There are (x1*x2-1) (x1*x2)>0

x1*x2-1>0

There are (x2-x1)(x1*x2-1) (x1*x2)>0 to get f(x2)-f(x1)>0

i.e. f(x2) > f(x1).

by x1f (x1).

The function y=x+1 x is an increasing function on (-infinity, -1).

y'=1-1 x >0 x (-1) so increment the function.

Agree with this solution, finding a guide is the easiest.

Let x1,x2 (1, positive infinity), and x11,x2>1,x1*x2>11 x1*x2<1

1-1/x1*x2>0

f(x1)-f(x2)<0

So x is an increasing function on (1, positive infinity).

I wish you progress, and if you can't ask me again.

I'll be happy to answer your questions

Well, the boss is subtracting, and if you add it, it's obviously a subtraction function.

Using the derivative function, it's very simple!

Order 1 x1 x2

f(x2)-f(x1) = 【x2+1/x2】-【x1+1/x1】= (x2-x1) +1/x2-1/x1)= (x2-x1) -x2-x1)/(x1x2)= (x2-x1)[1 - 1/(x1x2)]= (x2-x1)(x1x2-1)/(x1x2)∵1＜x1＜x2

x2-x1＞0，x1x2-1＞0，x1x2＞0∴f(x2)-f(x1) = (x2-x1)(x1x2-1)/(x1x2)＞0

The function y=x+1 x is an increasing function on (1, positive infinity).

y'=1-1 x 2, and on (1,+, x 2>1, so 1 x 2<1, so y'>0, so the function y=x+1 x is an increasing function on (1,+.

It's so simple, because y=x is an increasing function, and y=1 x is also an increasing function on (1,+infinity), so y=x+1 x is an increasing function on (1,+infinity).

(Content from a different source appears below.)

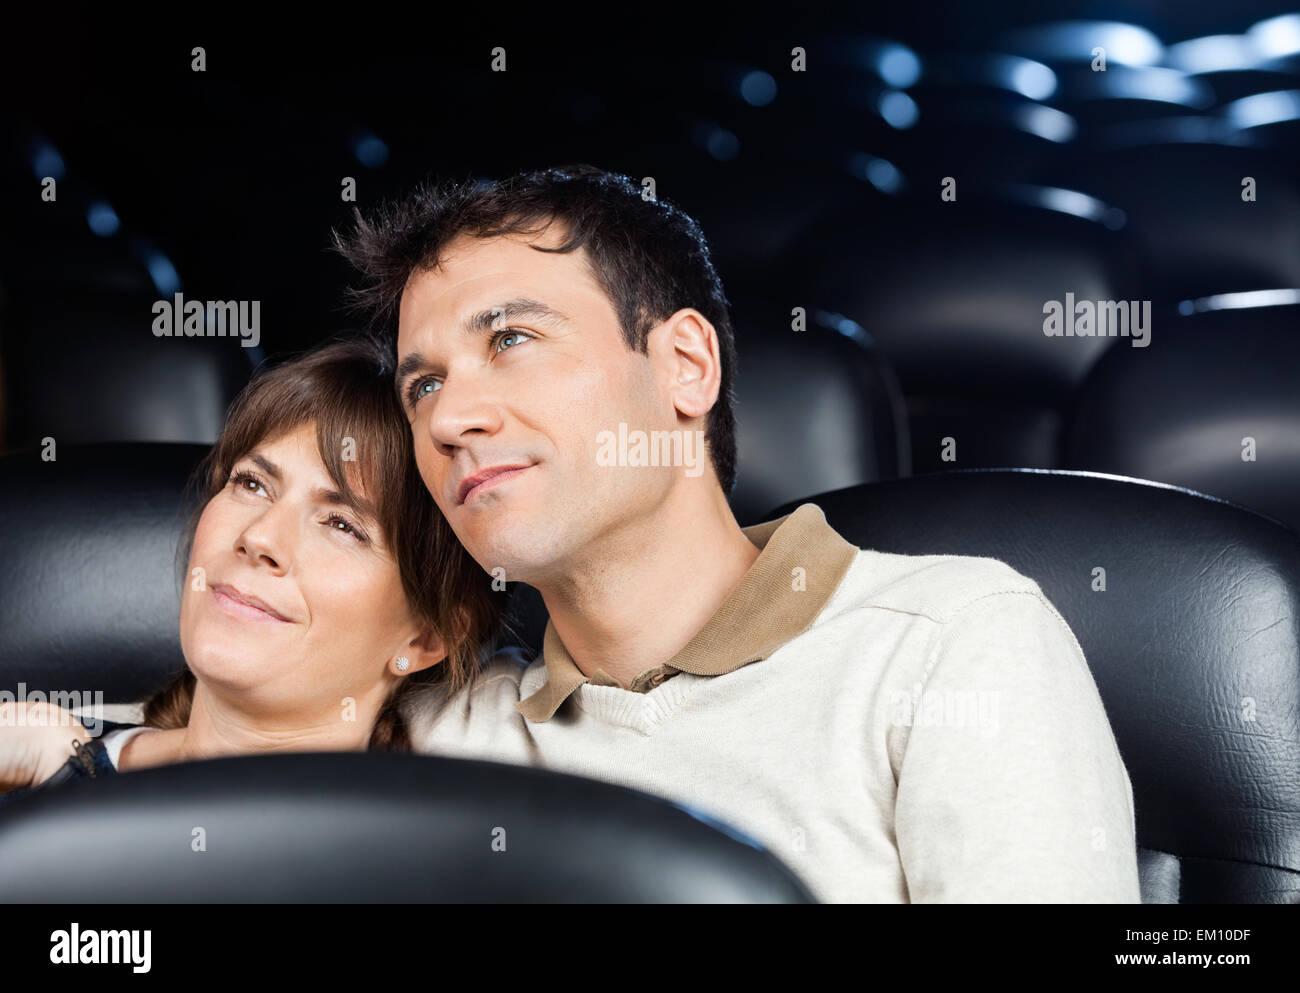 Amare giovane guardando film in teatro Foto Stock

Derivative, y'=1-1 x 2, x y'>0 at (1, positive infinity), so is an increasing function.

y=x+1 x has a question and knows that x is not equal to 0

then y'=1-1 x2=(1+1 x)(1-1 x)=0, then 1+1 x=0

1-1 x=0 is solved to x=-1 or x=1, then the function y=x+1 x is in (negative infinity, -1), (1, positive infinity) is an increasing function, and (-1,0)(0,1) is a decreasing function.

In summary, the function y=x+1 x is an increasing function over (1, positive infinity).

If it is an increasing function, then x1 is less than x2, f(x1) is less than f(x2), and the two equations are subtracted to see whether it is greater than zero or less than zero.

Solution: Let -10 x1+1>0 x2+1>0(x2-x1) x2+1) (x1+1)] 0, i.e. f(x2)-f(x1)>0

The function y=2x (x+1) is an increasing function on (-1, +, if there is any clarity, we will discuss it

When x is not equal to 0, the right formula divides the top and bottom by x -1 to zero, when y is negative, and increases the positive number is the same In a word, the larger the denominator, the smaller the y.

Derivative method]: When x > 1, y = 1-1 x >0, so y = x + x 1 of the parting modulus width is an increasing function on the infinity of 1 to the potato.

y1=x1+(1 x),y2=x2-(1 cavity liquid y2) x2> hunger cry x1 x1*x2> limb 1

y2-y1) (x2-x1)=1-1 (x1*x2)>0 hence the increase function.

In the process of making a difference, the main thing is to extract the common factor and obtain (x1-x2) (1-1 x1x2) to determine the Fushan Bi number.

Or it is to seek guidance and tease like celery.